I’m going to go ahead and say that I’m doing NaBloPoMo this year. It’s a lie. Right now it’s a lie. Maybe at the end of the month it will turn out to be true.
In order to not distract myself too much from what I ought to be doing I will attempt to post on some philosophical issue every day for the month. It’s so crazy it just might work. And I would have gotten away with it if it weren’t for you meddling kids.
Today’s Post: What is philosophy and why do I do it?

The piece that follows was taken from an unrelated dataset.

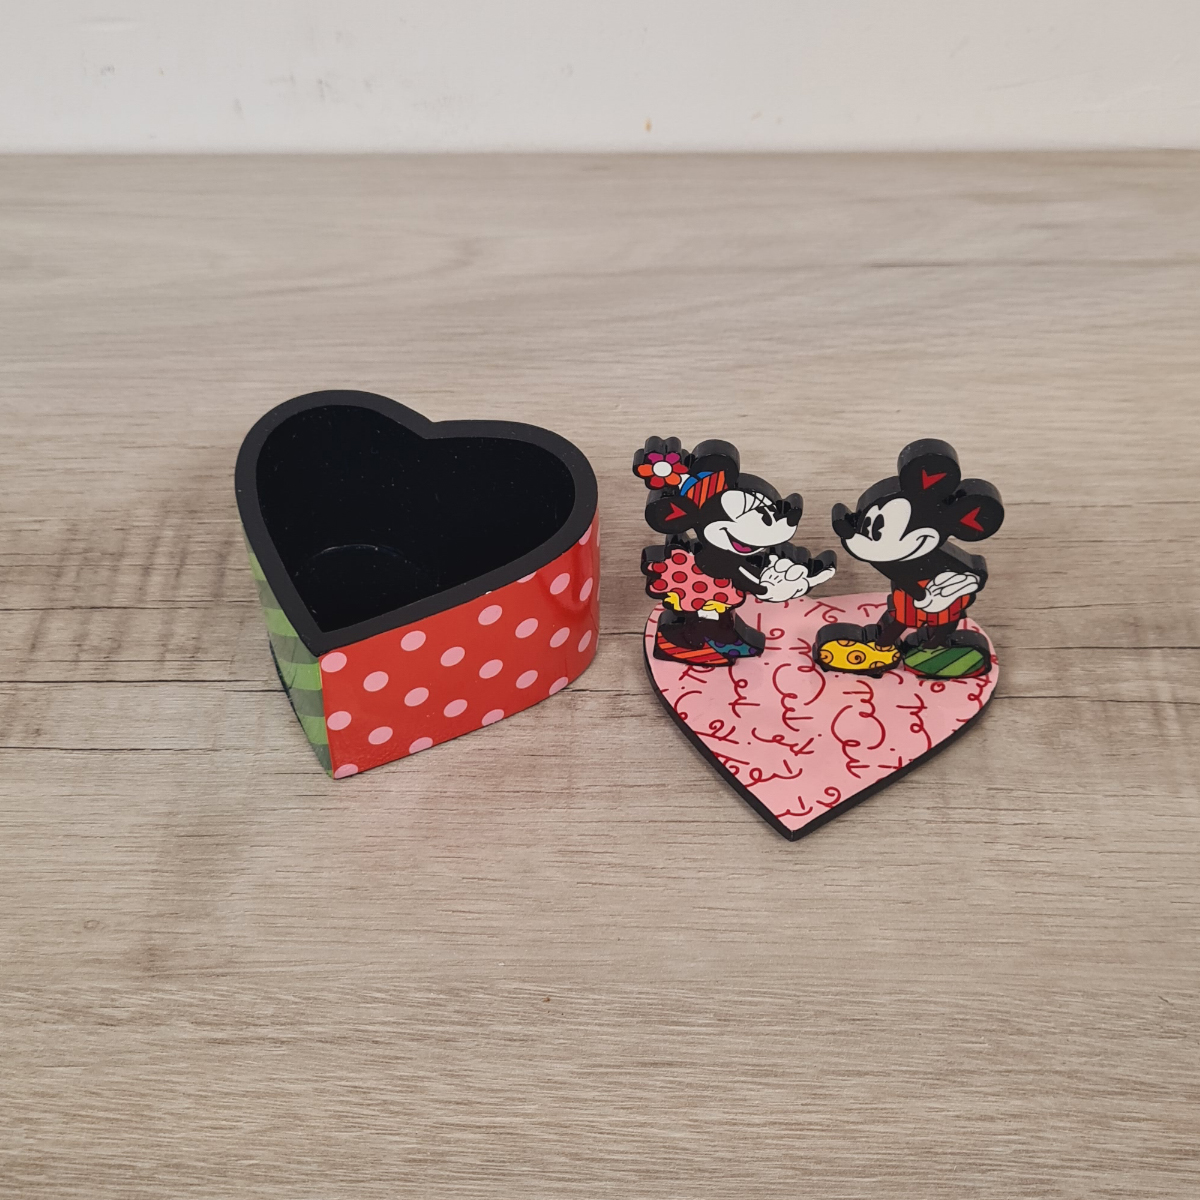 Mickey and Minnie box collection by Romano Britto

Philosophy is the study of how to be right at the cost of people understanding that you are right or wanting to hear about how right you are. It is the study of how to be right, and an education in how to be wrong, so mostly what it involves is a radical uncertainty about reality (undergirdings, motivations, beliefs) while at the same time being utterly certain that one’s tools for detecting truth are highly calibrated. Philosophers spend much of their time trying to think of how they have gone wrong before someone else thinks it for them.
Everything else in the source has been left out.